4年目の2019年度になると、先輩たちが築き上げてこられたベースがあったので、毎週のようにチャーター便が企画され、お見送りとお出迎えで、週に3~4回空港に行くこともありました。空港の方から「また来たの」と言われるくらい(笑)朝から空港でお見送りをして出勤する日もあります。

チャーター便ごとに県独自で制作する
販売促進用のチラシ

ベースがあるからこそ、旅行会社への販売フォローは手を抜きません。しかし、販売をフォローするためには茨城空港のホームページを更新したり、メルマガを流したり、チラシやポスターを作ったり、イベントなどでPRをする空港対策課の利用促進グループの協力が必要です。

私はFDAのチャーター便の担当になる前は、その利用促進グループでホームページの更新などを担当していました。現在は、チャーター便が決まったらチラシを作ってもらったり、イベントに一緒に出展するなどして連携してPRを行っています。

また、チャーター便が発売されると、毎週のように旅行会社に連絡をして販売状況を確認し、前年度の売れ行きと比較しながら、売れ行きが伸び悩んでいる便には、利用促進グループにメルマガを打ってもらったり、駅などのデジタルサイネージを活用してもらったりと、PR協力を依頼し販売をフォロー。
約3万人の茨城空港のメルマガ会員にメルマガを打つと、伸び悩んでいる便でもある一定数は売れるので、旅行会社の方から喜ばれるんです。

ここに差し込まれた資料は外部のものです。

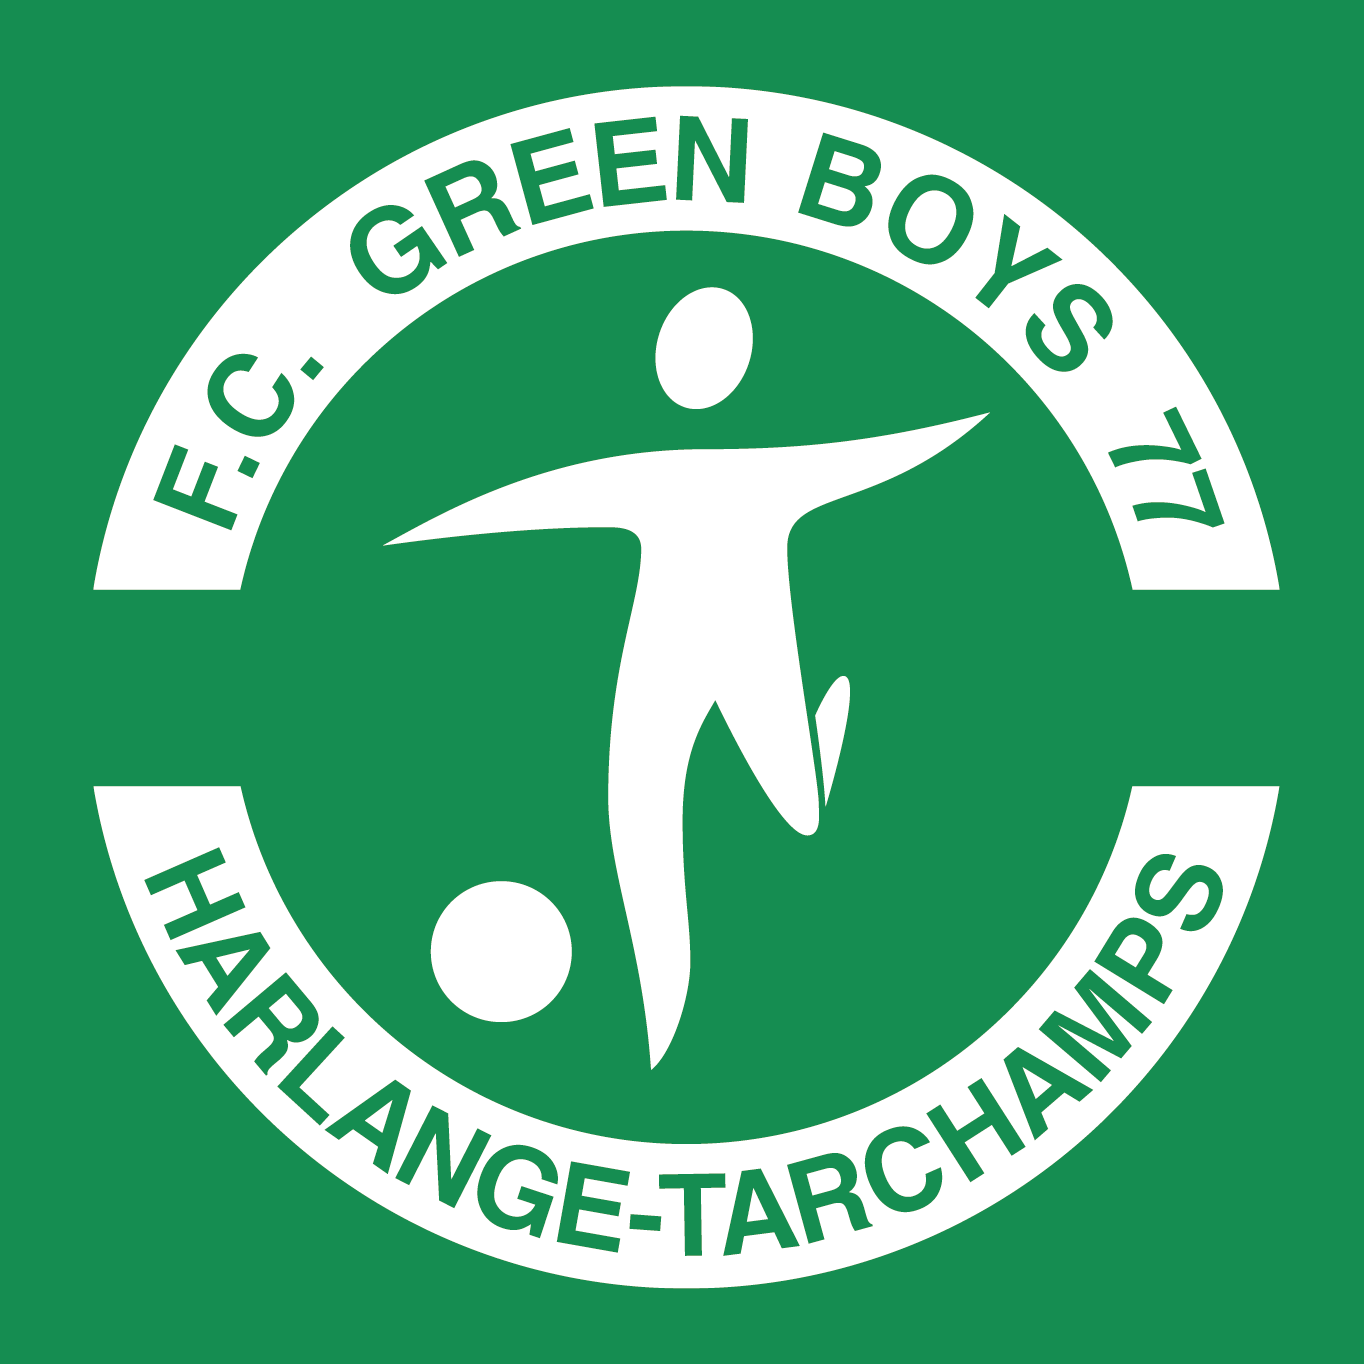 FC Green Boys 77 Harlange-Tarchamps

4年間で、FDA、旅行会社、県との三位一体の体勢が確立され、2019年度には年間80便の実績を上げることができました。

幻となった
茨城空港開港10周年
記念チャーター便

茨城空港開港10周年記念チャーター便

今年3月で、茨城空港は開港10周年を迎えました。それを記念し、FDAさん、旅行会社さん、県が協力し、茨城ー静岡の日帰りチャーター便を企画しました。FDAさん全面協力のもと、静岡空港近くにある、普段は非公開のFDAトレーニングセンターの特別見学を盛り込んだスペシャルツアーは、ほぼ満席でキャンセルも出ないくらいの人気でした。

しかし、新型コロナウイルス感染症の影響で止む無く中止することに。幻の企画となりました。旅行会社の方と一緒に企画した渾身のツアー。お客様もとても心待ちにされていたので、新型コロナウイルス感染症が落ち着いたらぜひ、実現したいですね。

今はコロナ禍でチャーター便の企画はできない状況にありますが、再開できるようになったら、多くの皆さんに楽しんでいただけるチャーター便を、FDAさん、旅行会社さんとともに、企画していきたいと思います。私たちの挑戦は、これからもまだまだ続きます。